The judgment confirms that consultation obligations cannot be satisfied by contractual arrangements or assumptions that others are managing safety.


Dreamworld Thunder River Rapids Fatalities – Coronial Findings


Following the deaths of four patrons at Dreamworld in 2016, the Queensland Coroner identified systemic failures in safety management and governance. There was no holistic risk assessment, no coordinated change‑management process, and reliance on frontline operators to identify risks without adequate authority or support.

Subsequent professional analysis consistently identifies the absence of structured consultation and hazard escalation as a central factor. Known ride issues were not translated into decision‑making, demonstrating what occurs when consultation is nominal rather than functional.

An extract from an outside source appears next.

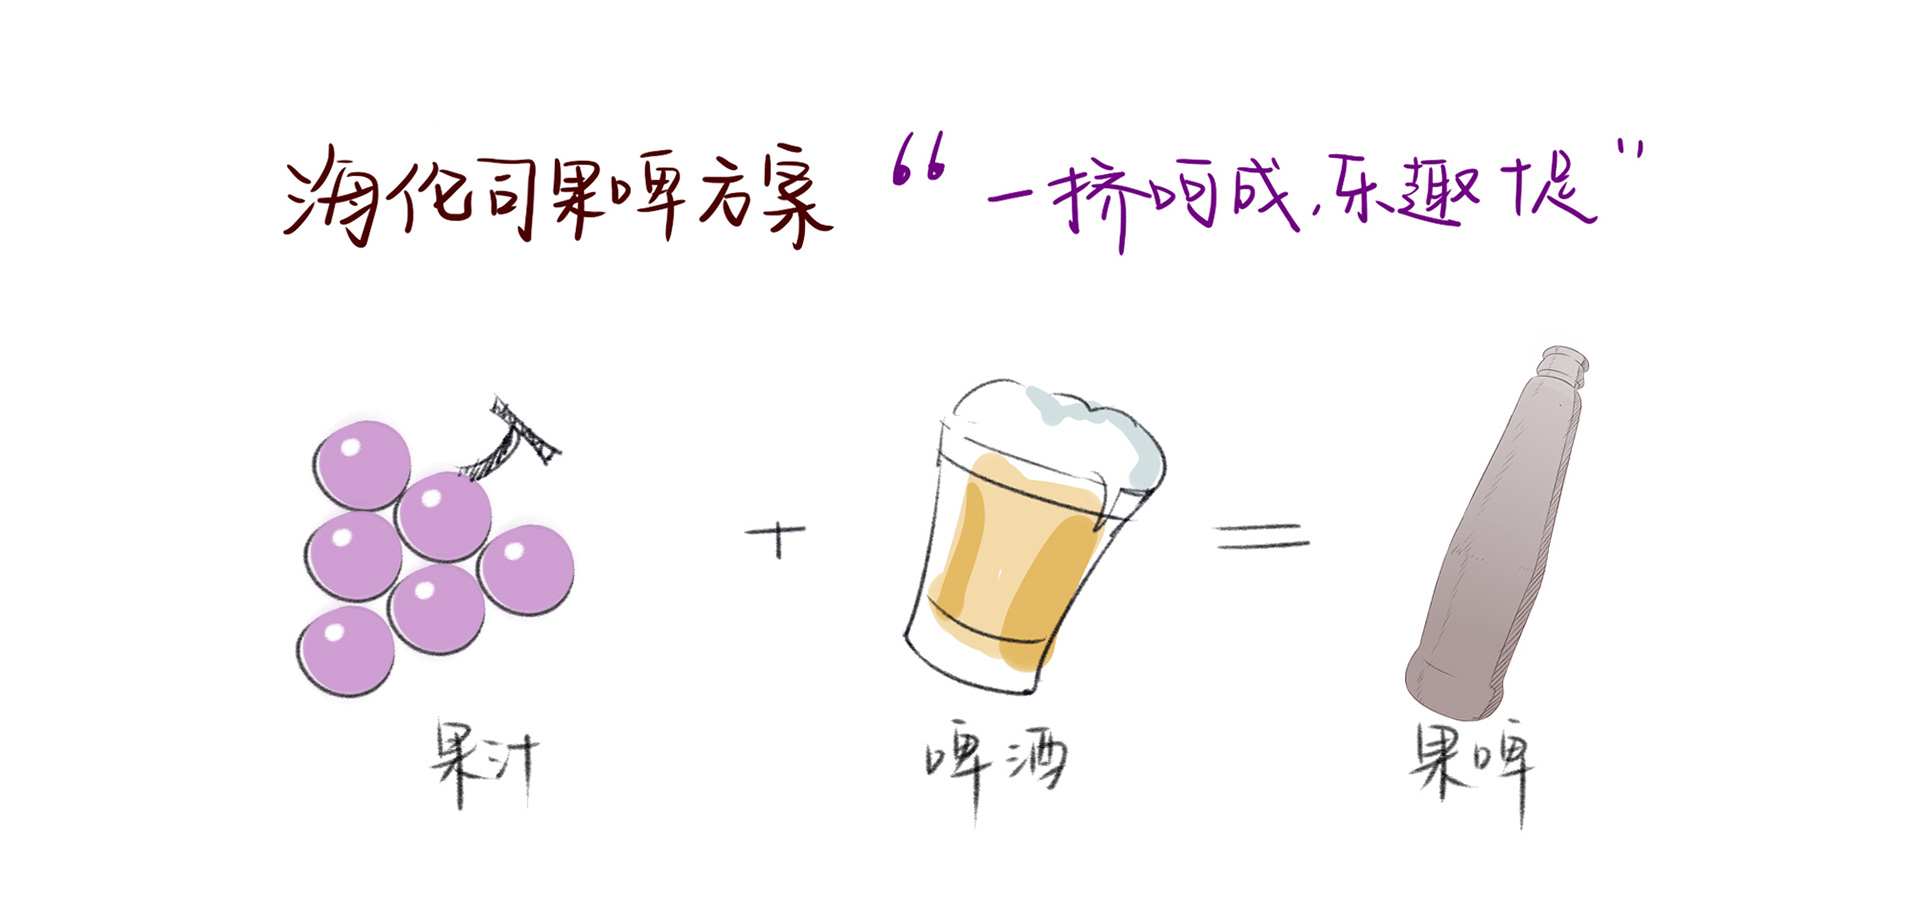 深圳啤酒包装设计公司,古一设计,酒标设计
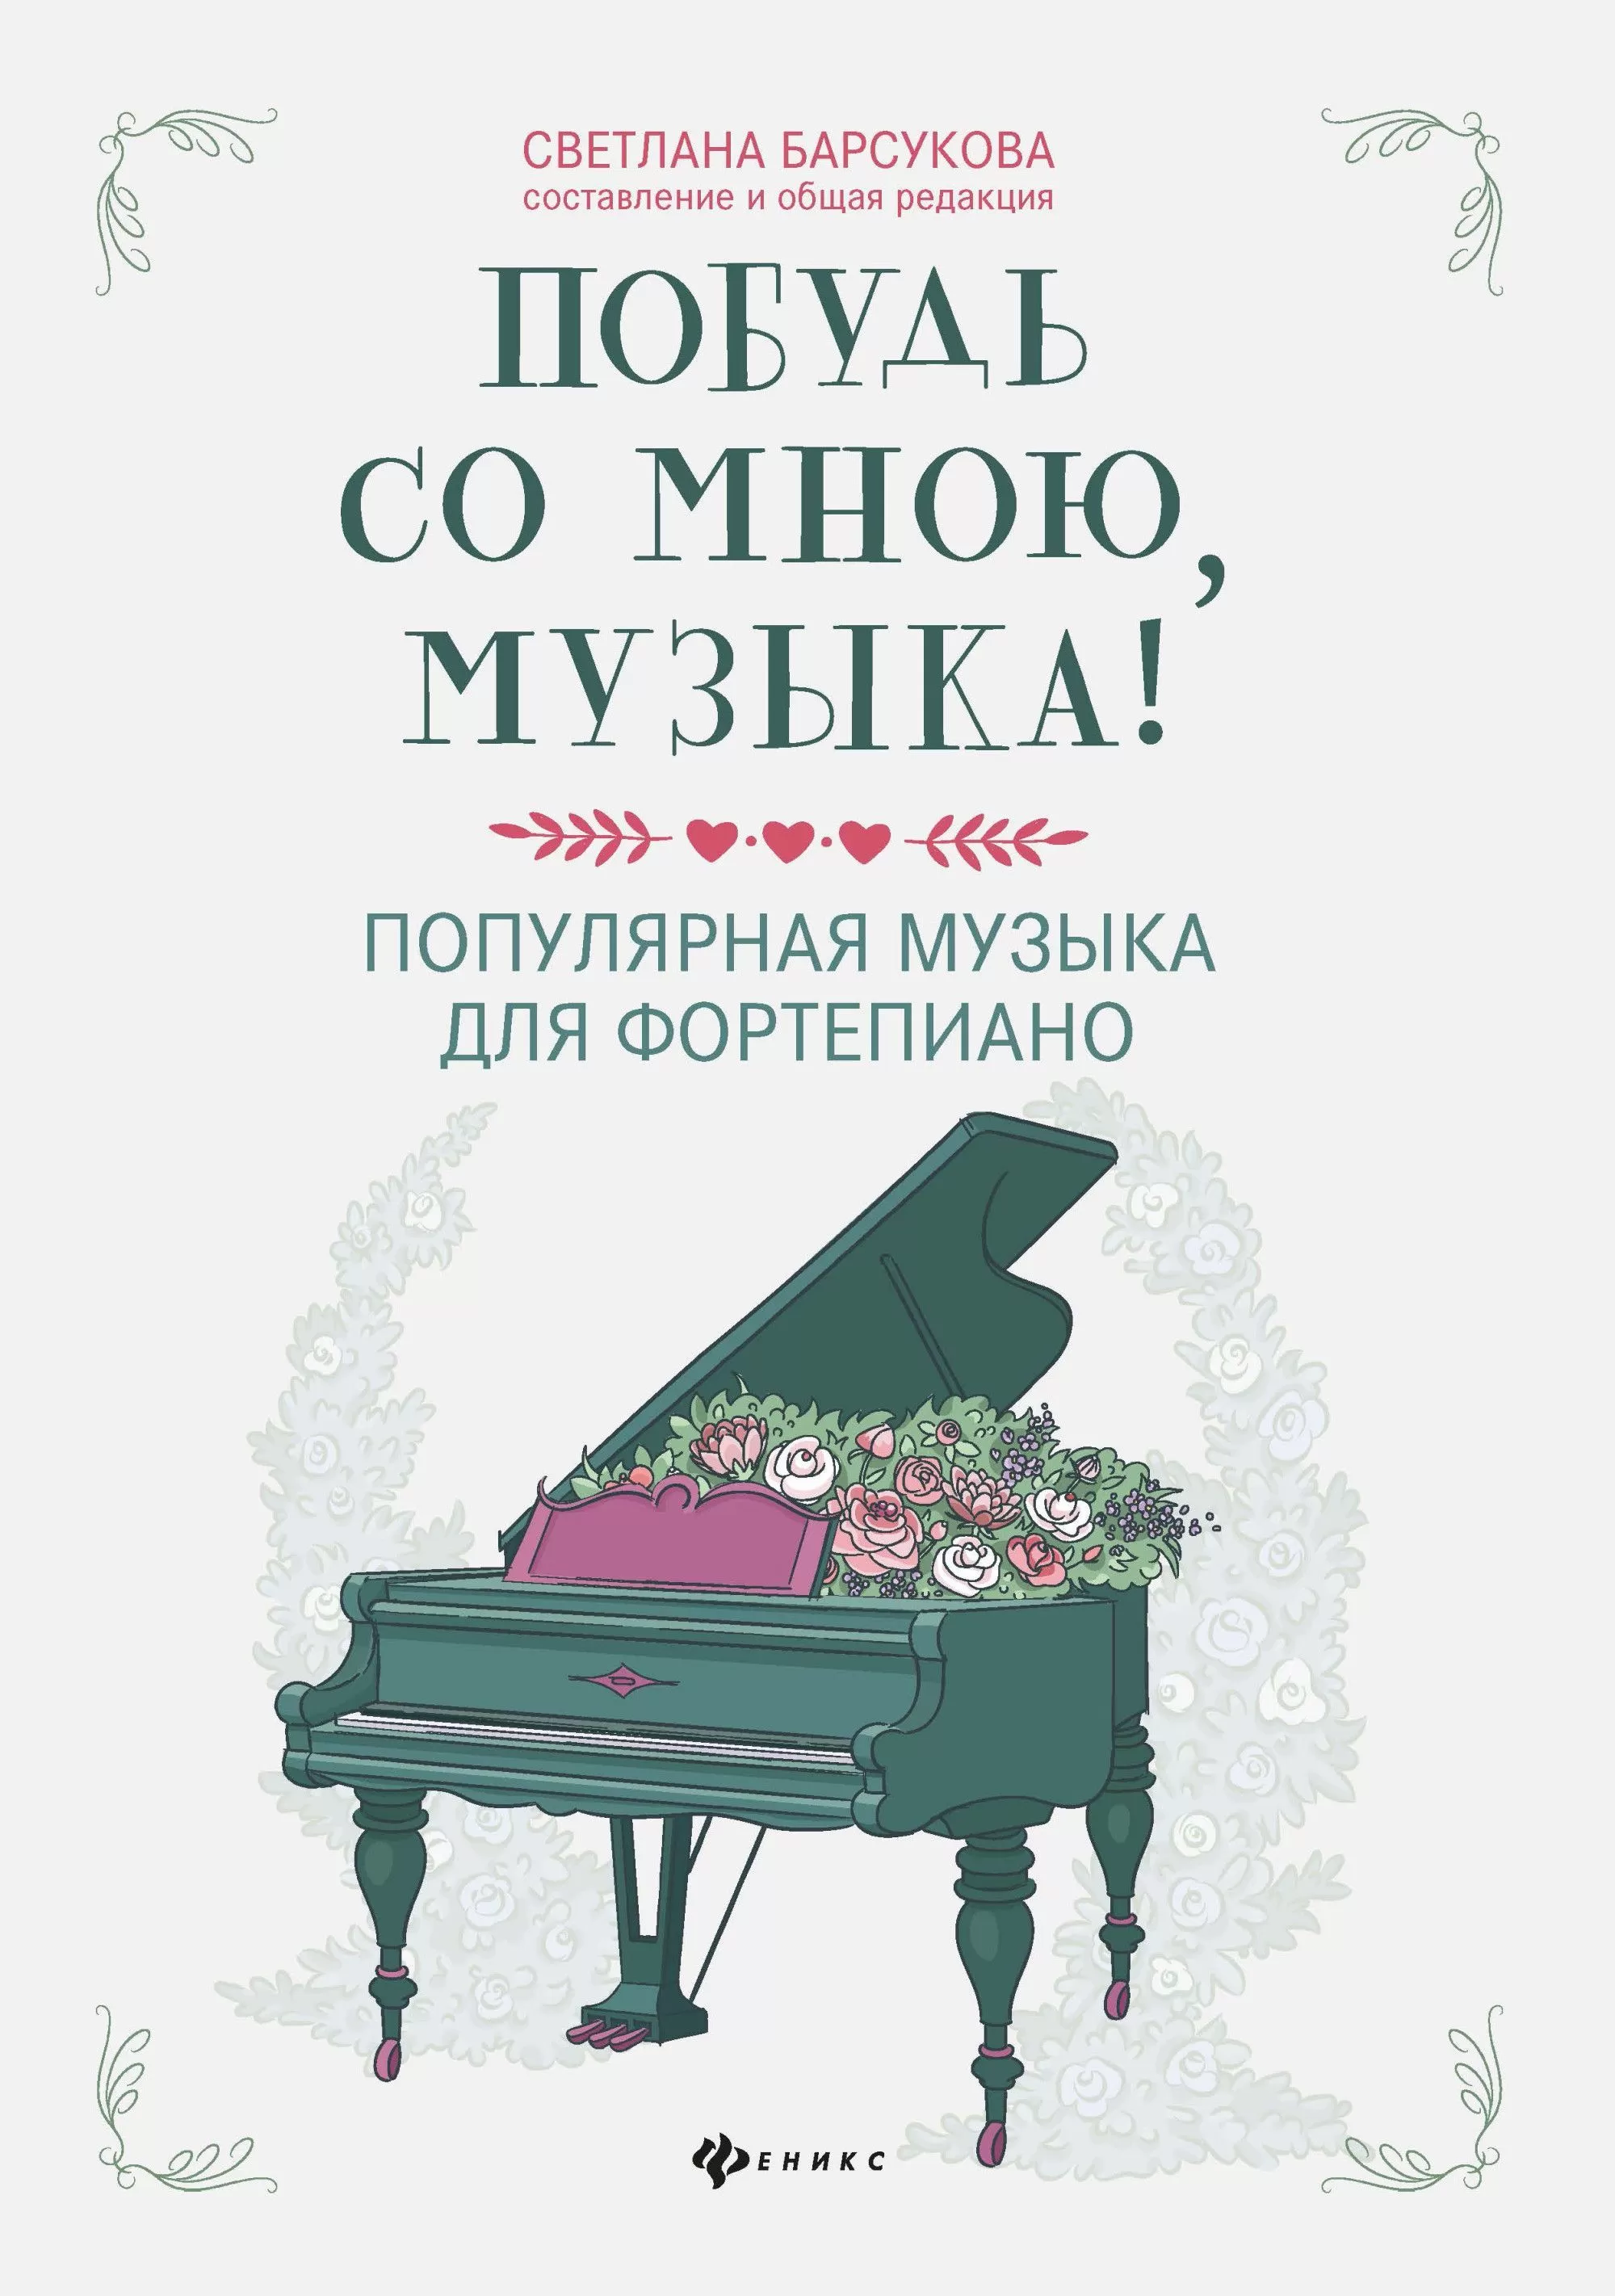 Побудь со мною, музыка!:популярная музыка для фортепиано - купить в магазине Кассандра, фото, 9790660037324,

Officers’ Responsibility to Ensure Consultation Occurs


Officers and senior managers have a personal duty to exercise due diligence to ensure PCBUs comply with their WHS obligations. This includes ensuring that consultation systems exist, are resourced, and are actually used. Courts now scrutinise whether officers verify that worker input is influencing decisions, rather than merely receiving reports or policies.

 

Consultation as a Preventative Control


Effective consultation integrates frontline knowledge into hazard identification, aligns control measures between duty holders, and exposes risks created by change. When consultation is embedded into planning and operations, serious incidents are substantially less likely to occur.


Every organization in Australia must have consultative processes. To further assist, a business may choose to form a health and safety committee to act as an additional resource on top of existing consultation processes. Health and Safety Committees are made up of people from all areas of the workforce and their individual areas of expertise and experience can help the business gather the correct information needed to be able to resolve ongoing or identified WHS matters.


Conclusion


Australian WHS law is unequivocal: consultation is central to safety, not peripheral. The repeated lesson from prosecutions and inquiries is that where PCBUs fail to consult, and officers fail to ensure consultation occurs, foreseeable risks go unmanaged and catastrophic outcomes follow.